Арт молча курил, откинувшись на стуле. Что от него хочет этот странный болтливый человек, так не похожий на всех тех, с кем ему приходилось когда-либо встречаться? Ведь ему как будто ничего от него не надо. Он, Арт, уже сыгранная пешка. Это верно. Сбитая, съеденная пешка, небрежно брошенная на стол рядом с доской. На доске остались фигуры. Крупные, солидные фигуры, вроде Валенти. Не чета какой-то паршивой пешке…

– Вы мне так и не ответили, Арт. Вам приходилось выбивать из кого-нибудь деньги силой?

– А как же, – пожал плечами Арт, – если бы не страх, люди не стали бы платить ростовщику такие проценты. Тут ведь расписок нет, в суд не обратишься. Главное – страх. Должник должен знать, что, если не отдаст в срок, ему будет плохо, очень плохо.

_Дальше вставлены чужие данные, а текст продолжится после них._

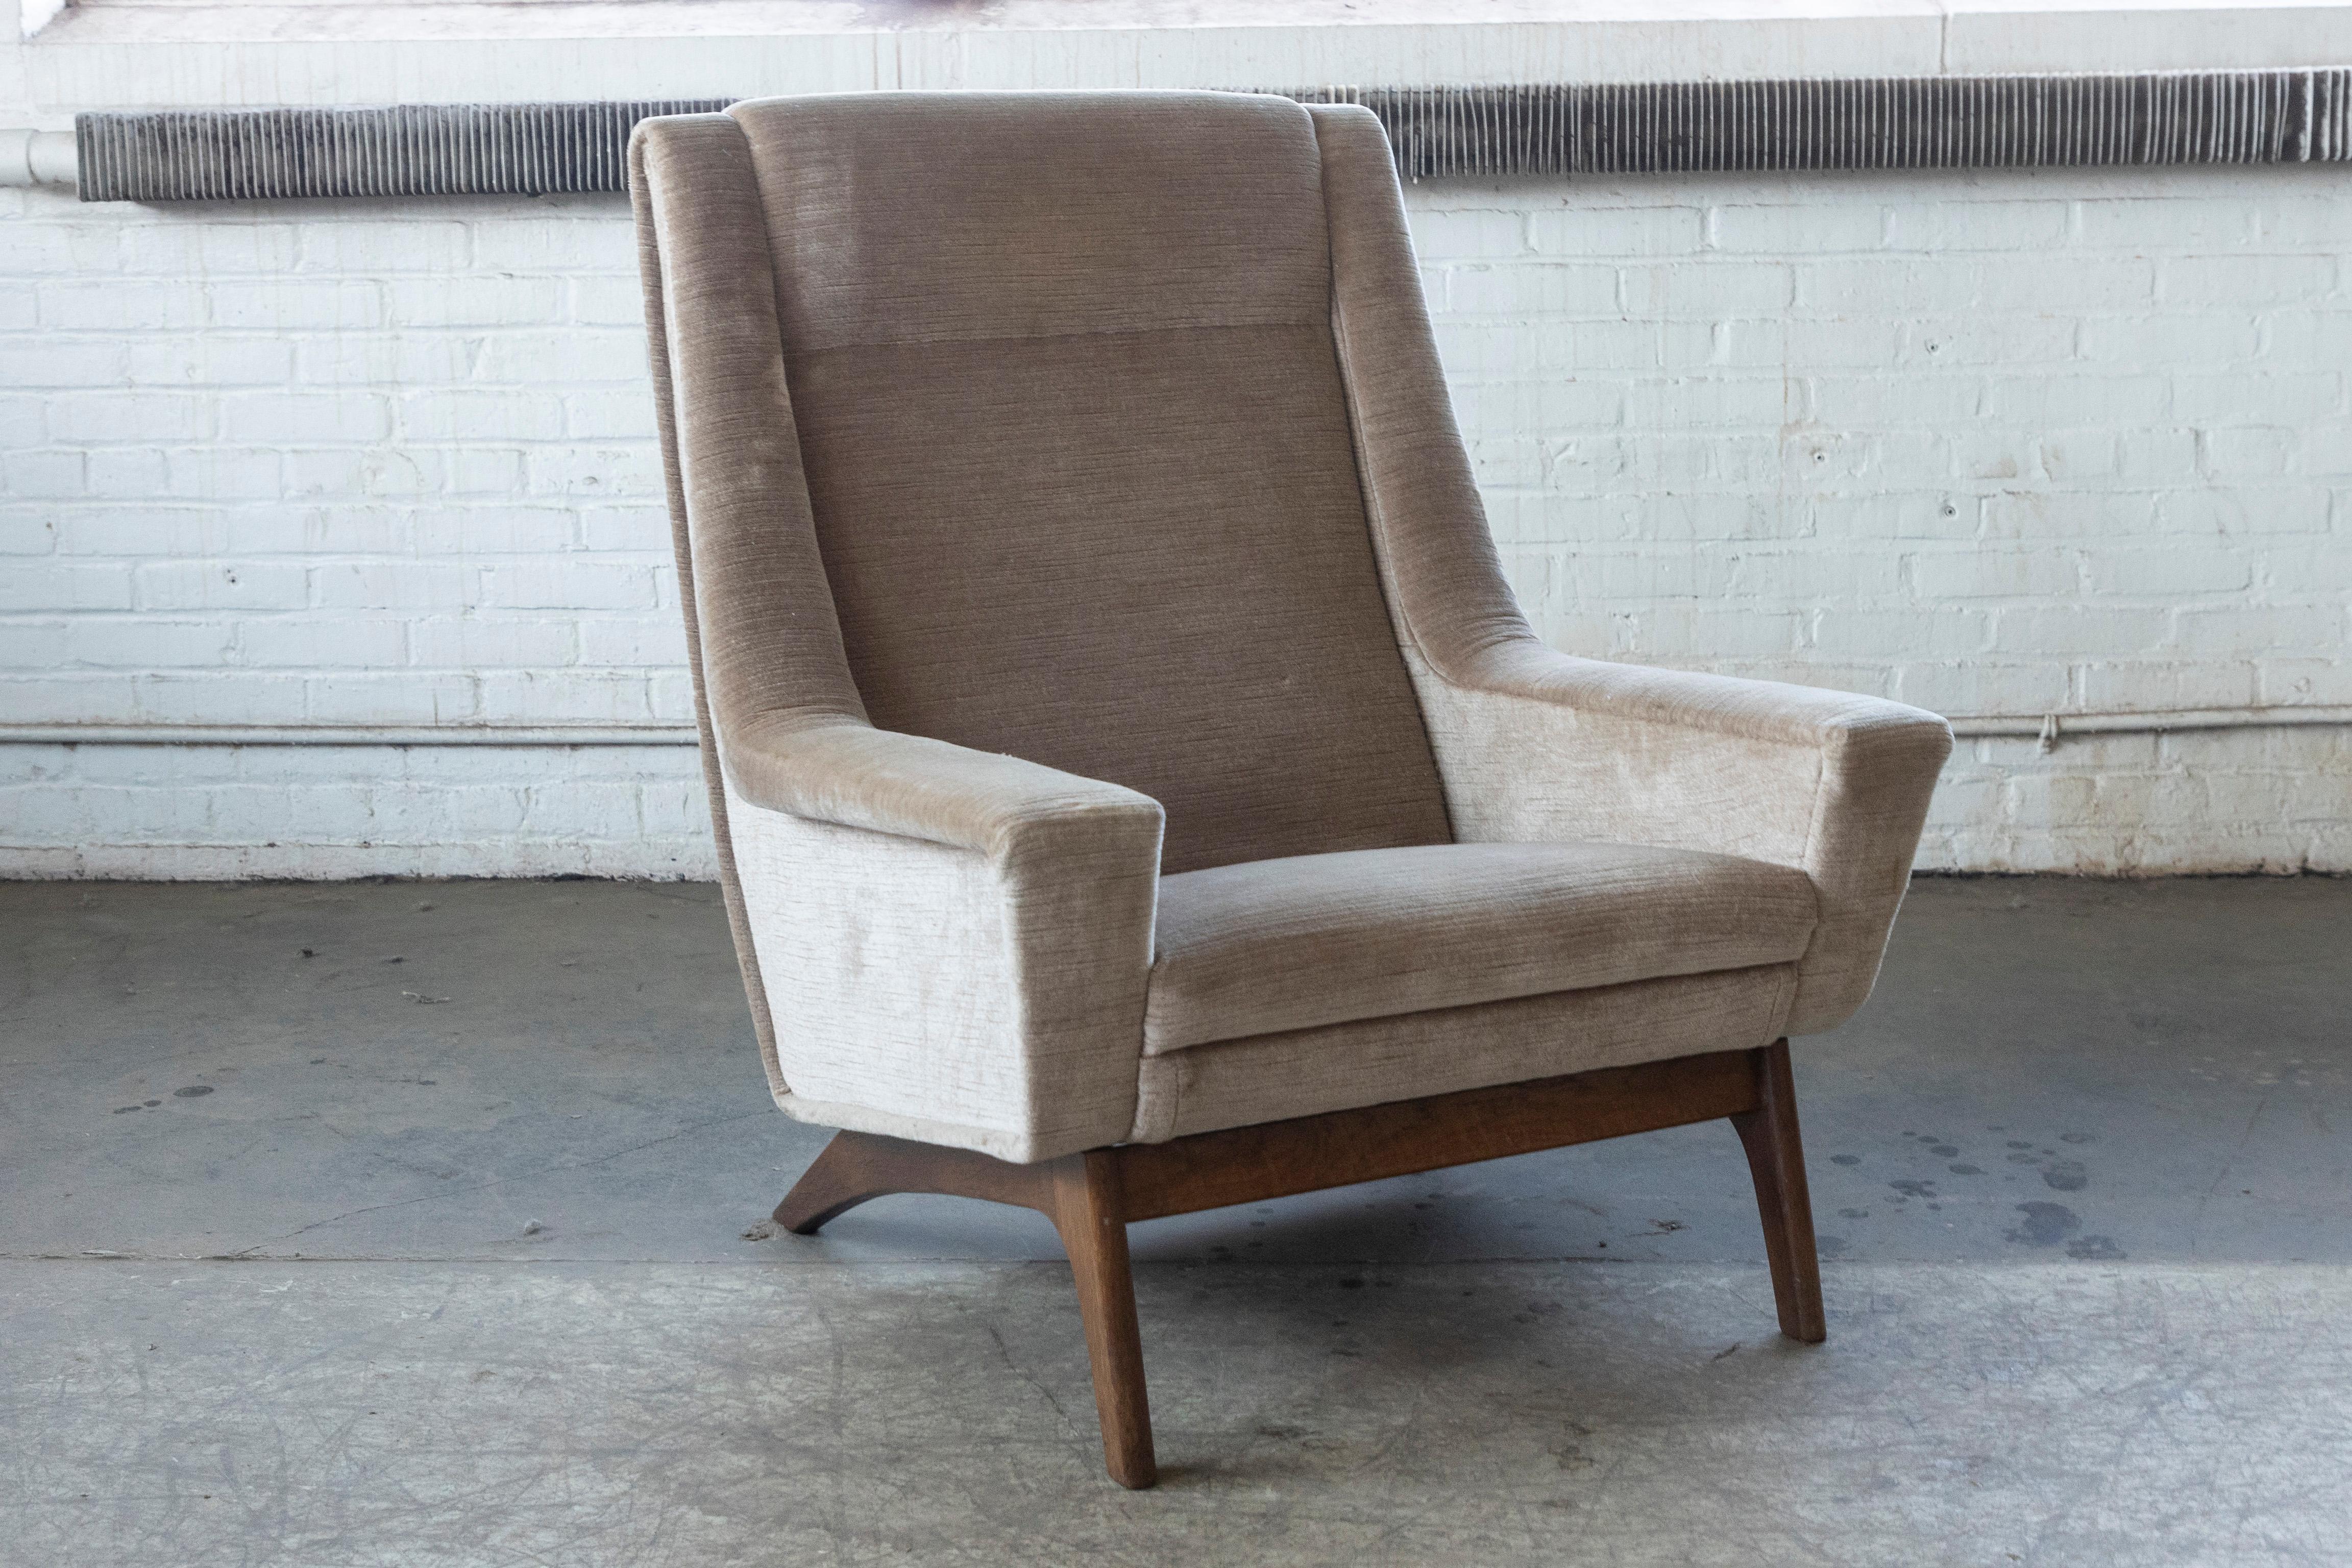 Classic and very elegant 1960's lounge chair attributed to Aage Christiansen to what appears to be a variation of his chair model Admiral by Erhardsen and Andersen. Very similar to some of the designs by Folke Ohlsson for Fritz Hansen. We love the

– И насколько же плохо? – Арт раздражал Марквуда и одновременно возбуждал в нем какое-то едкое любопытство. Умом он понимал и его жестокость, и безразличие к чужим страданиям. Он не только понимал, но и объяснил бы эти качества куда красноречивее и элегантнее, чем сам Арт. Но то умом. В сердце же у него до сих пор оставался какой-то детский участочек, который не потерял способности удивляться и мерить все на свой аршин, не подвластный логике головы. И этому детскому участку все казалось, что если поговорить с человеком как следует, ну искренне, тепло, не спеша, ну как человек с человеком, ну как когда-то разговаривали люди, то и такой, как Арт, вдруг прозреет, увидит, что причинял боль и страдания ближним, – и раскается.

– Насколько же плохо бывает людям, которые не хотят возвращать акуле-ростовщику ссуды? – повторил Марквуд свой вопрос.

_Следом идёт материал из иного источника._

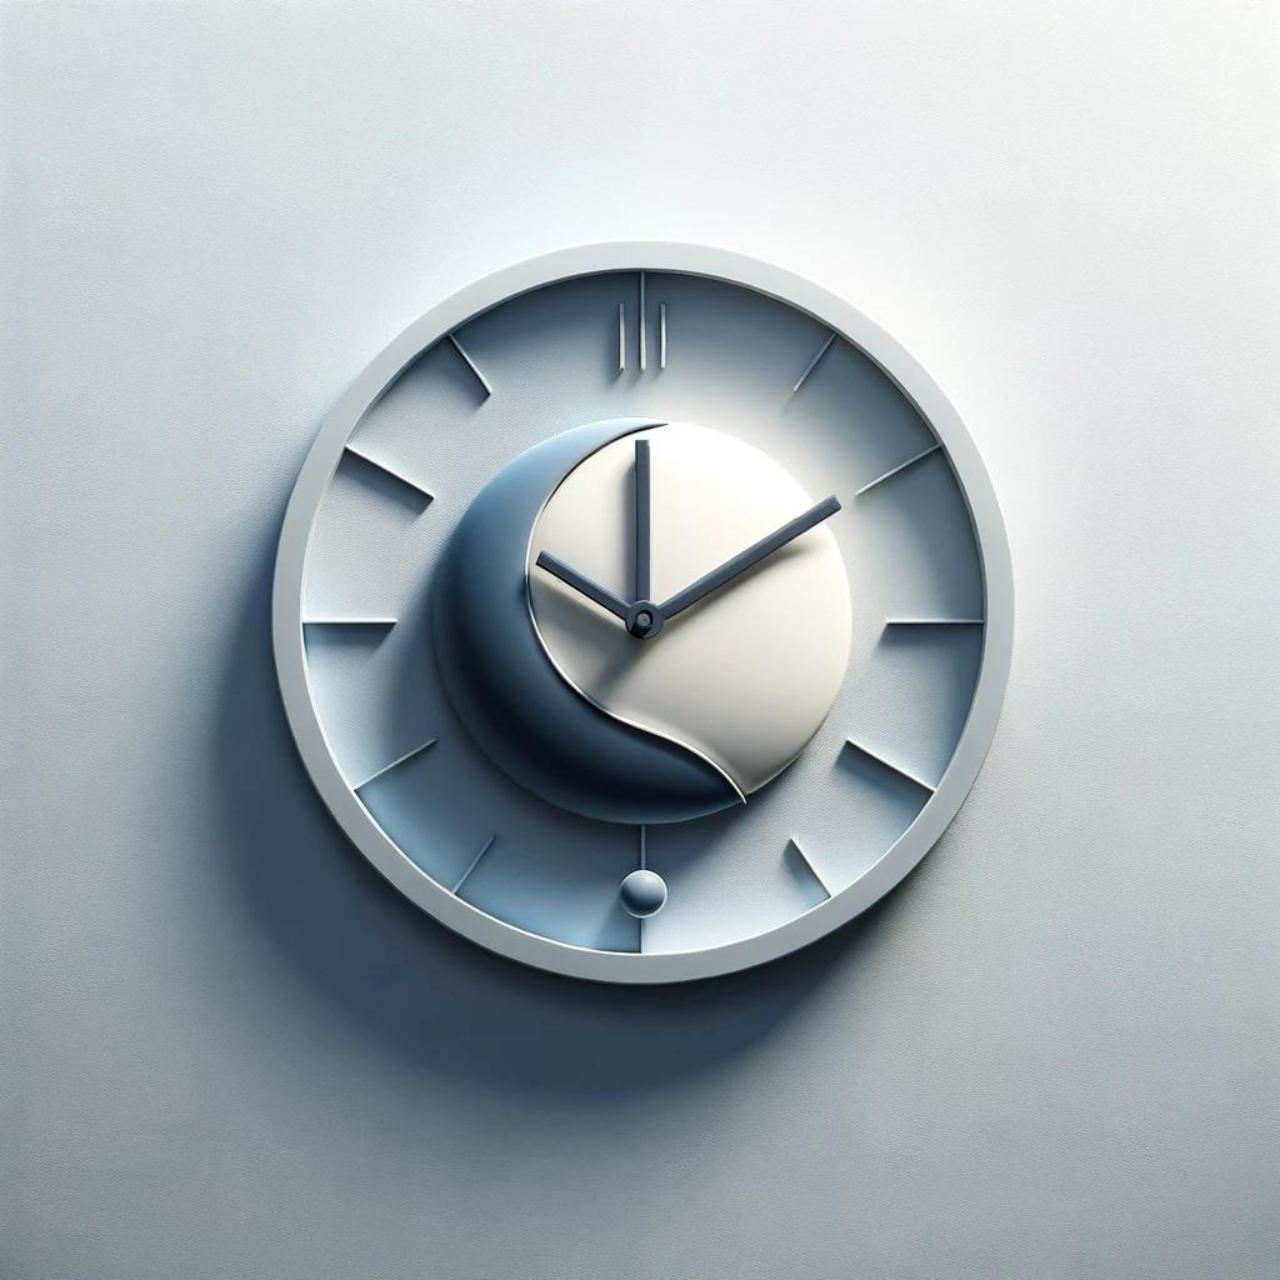 A sleek, simple clock symbolizing the passage of time and mindfulness mentioned in these one day at a time quotes.

«Что за странные вопросы, – думал Арт Фрисби. – Что он хочет от меня?» Он сам не заметил, как начал говорить. Может быть, потому, что голос был не его, а кого-то другого, потому что вдруг снова распахнулась та дверь, и из бездонного, плотного и сырого мрака пахнуло холодной пустотой, ничем, отчаянием. Он говорил как человек в трансе, как загипнотизированный. Слова выползали из него сами по себе, потому что мозг был парализован ужасом, таившимся за бездонной, бесконечной дверью.

– Я работал тогда у Папочки уже года полтора, наверное. Он дал мне адрес одного типа, который на две недели задерживал возврат ссуды. Я быстро нашел нужный дом. Огромный, в полквартала шестиэтажный старый дом, набитый людьми и крысами.

Когда-то в подъездах работали лифты. Но они давно стали.

Когда я подходил к дому, попадавшиеся мне навстречу либо подобострастно кланялись, либо старались отойти в сторону. Меня многие знали, а стало быть, и боялись, потому что я был человек Папочки. Папочка же был господом богом. Всесильным, непонятным и грозным. От него исходила благодать. Он был единственным человеком, который мог дать деньги и белое снадобье, а о чем еще может мечтать человек в джунглях? Он мог и пристроить человека к хорошему делу. Реже – на работу, чаще – в одну из многочисленных банд, которые орудовали в самих джунглях; нападали на машины на дорогах и даже атаковали по ночам ОП.

Я поднимался по лестнице, и даже кошки замирали при виде меня, и мне нравилось, что я внушаю страх – самое, пожалуй, распространенное чувство в джунглях.

Звонок не работал. Я постучал в дверь. Наверное, стук мой был хозяйским, смелым, потому что дверь сразу открылась, и я даже не вскинул руки вверх традиционным приветствием гостя. Да я и не был гостем.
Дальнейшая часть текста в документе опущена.